A submission must have a grade of 80% or above to be eligible for prizes.

Resources

Docker Container

The Jupyter Notebook Scientific Python Stack Docker container will be the development and evaluation environment for this challenge. The challenge dataset is comprised of source images source_images.tar and the pre-populated answer file product_nutrients.csv.

source_images.tar

The images archive will contain 500 images with the product id embedded in the name, eg:

 .
 image-2324.jpg
 image-2325.jpg
 image-2326.jpg
 image-2327.jpg
 .

Installation of software

Participants may use any FOSS (free and open source) resources to produce the solution, and if used must be installed using a bash shell script called install.sh

For example

sh #!/bin/sh apt-get update -y apt-get install curl -y

External APIs

The following APIs may be used in this project. If they are used, the solution must work with the free tier.
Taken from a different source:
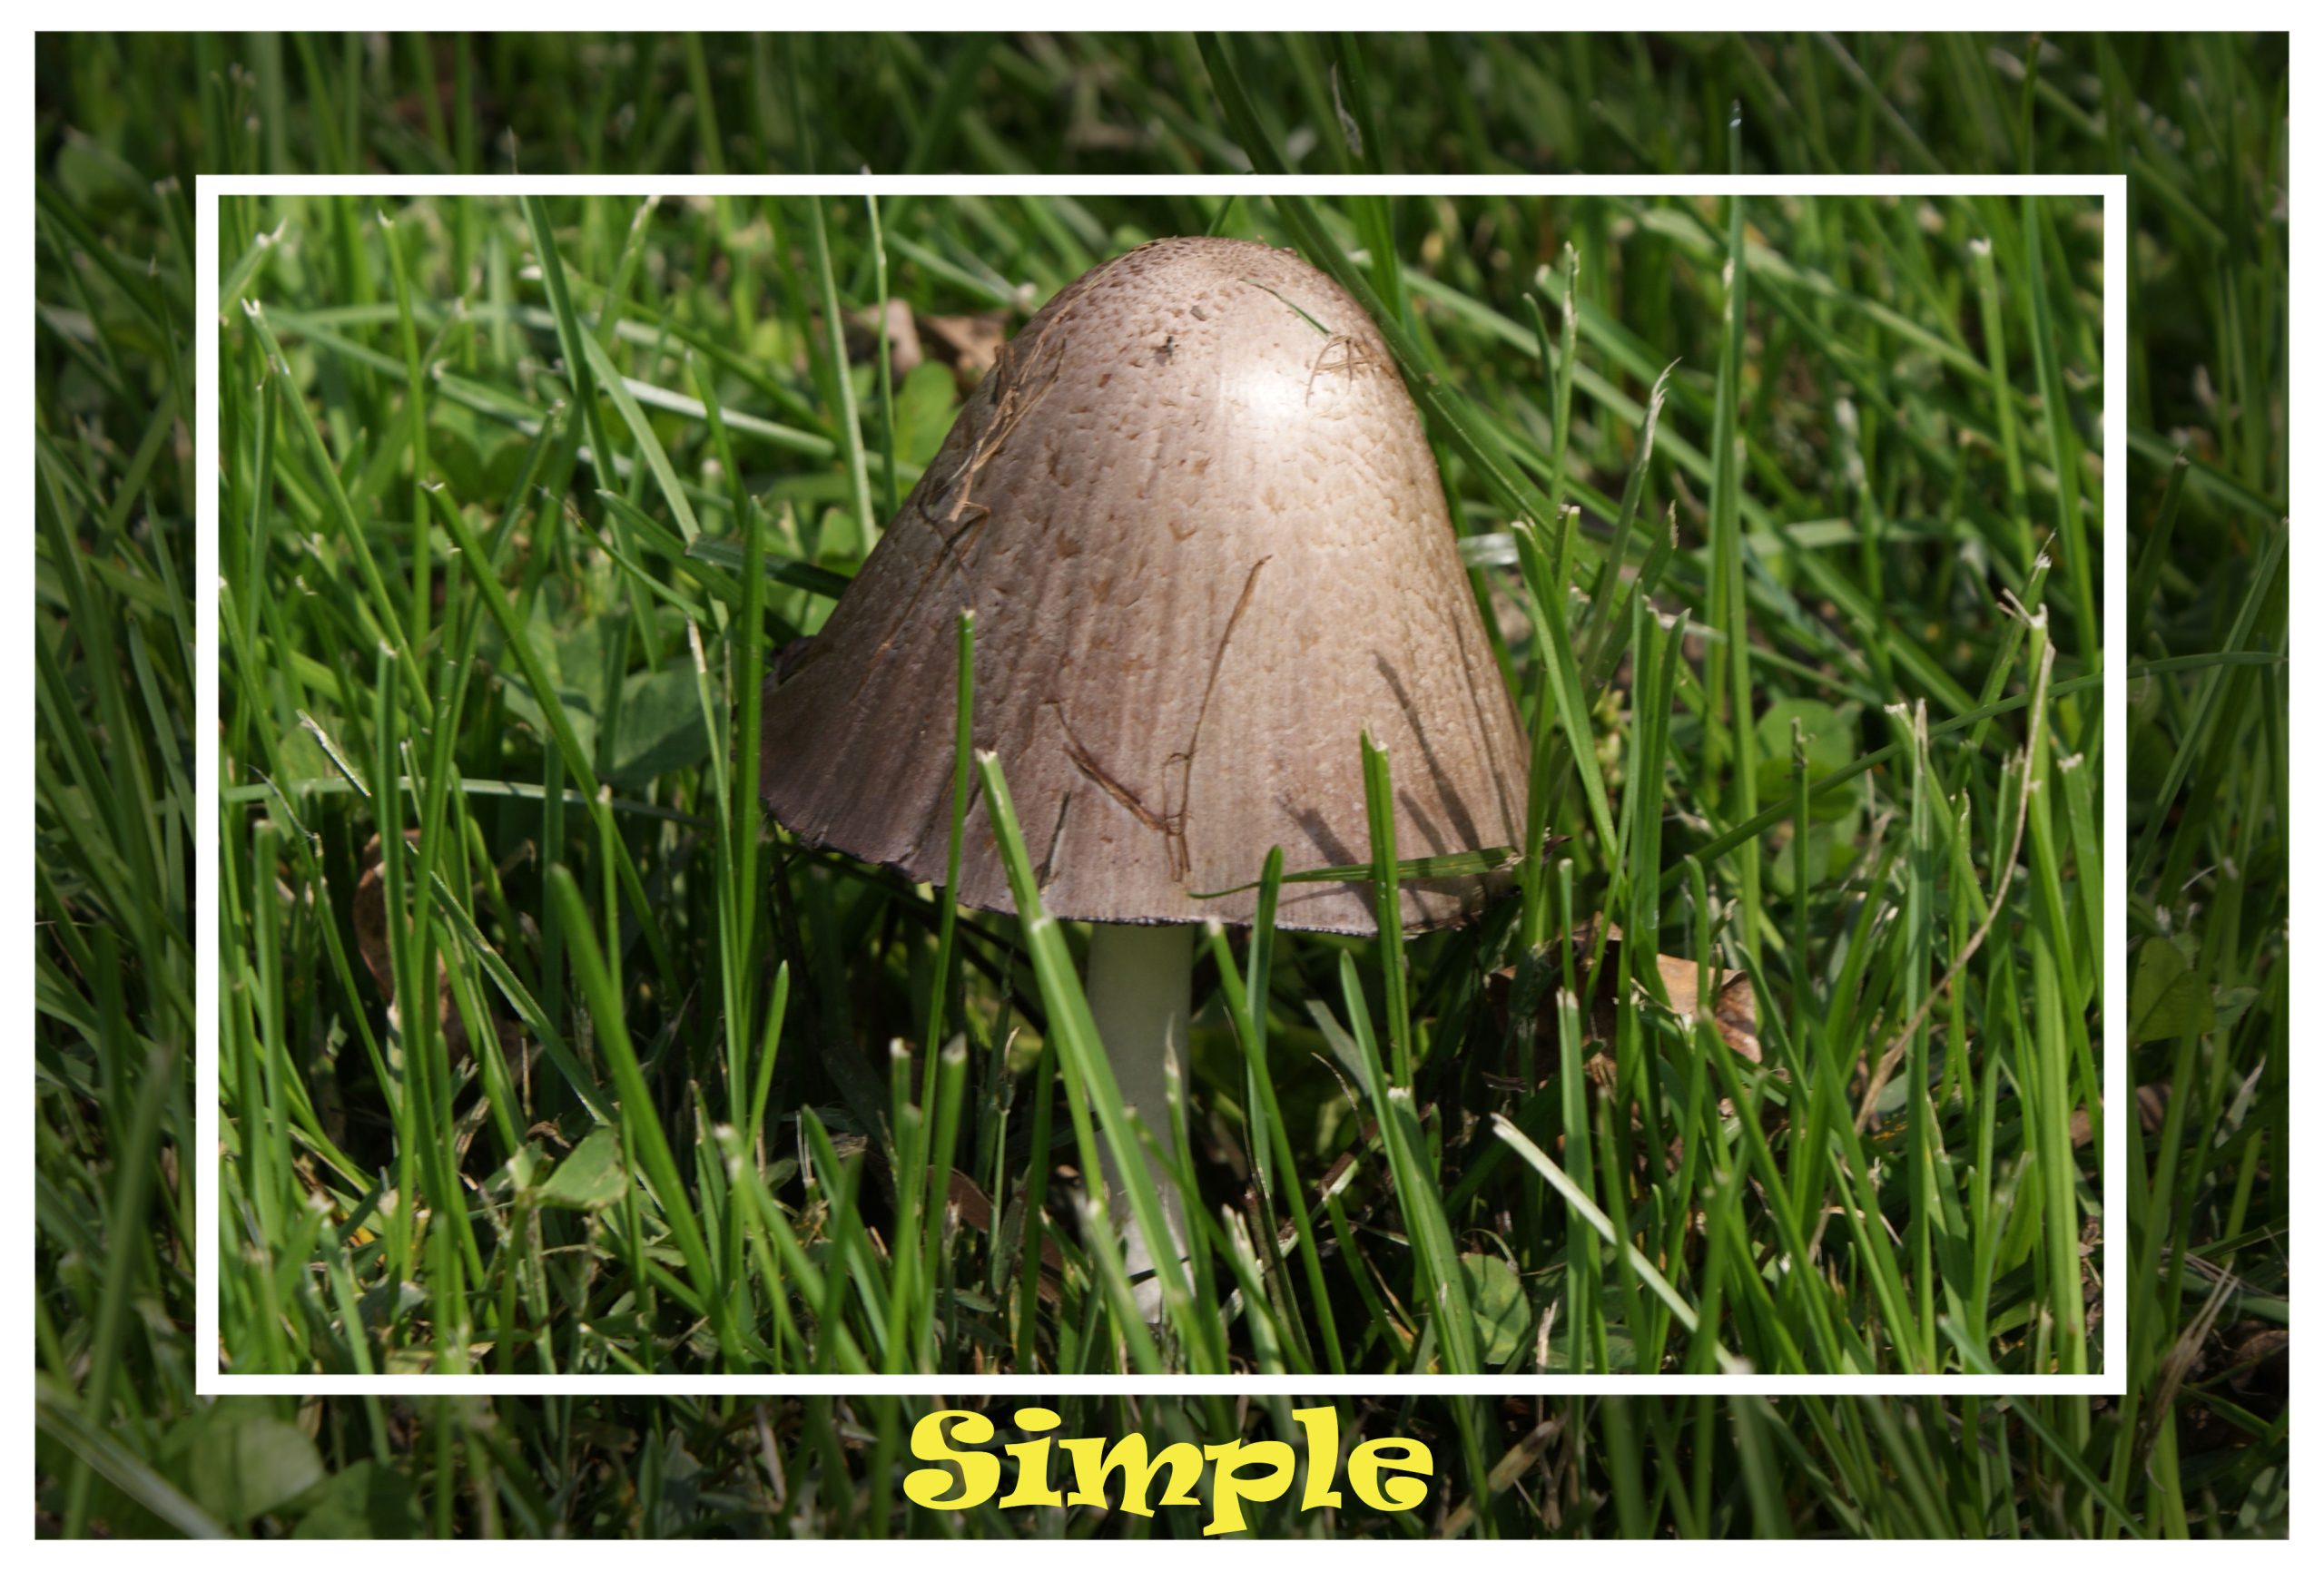 Simple Mushrooms (user submitted)

Google Vision IBM Watson Microsoft Vision API clarifai

If you wish to use another API please contact us.

Prizes

The author of the most highly ranked submission above 80% will be invited to the crowdAI winner’s symposium at EPFL in Switzerland on January 30/31, 2017. This symposium is part of the Applied Machine Learning Days to which the winner will have full access. The educational award is given to the participant with the either the most insightful submission posts, or the best tutorial - the recipient of this award will also be invited to the symposium (the crowdAI team will pick the recipient of this award). Expenses for travel and accommodation are covered by crowdAI.

In addition, there is a CHF 2,000 (~ USD 2,000) prize on the most highly ranked submission above 80%.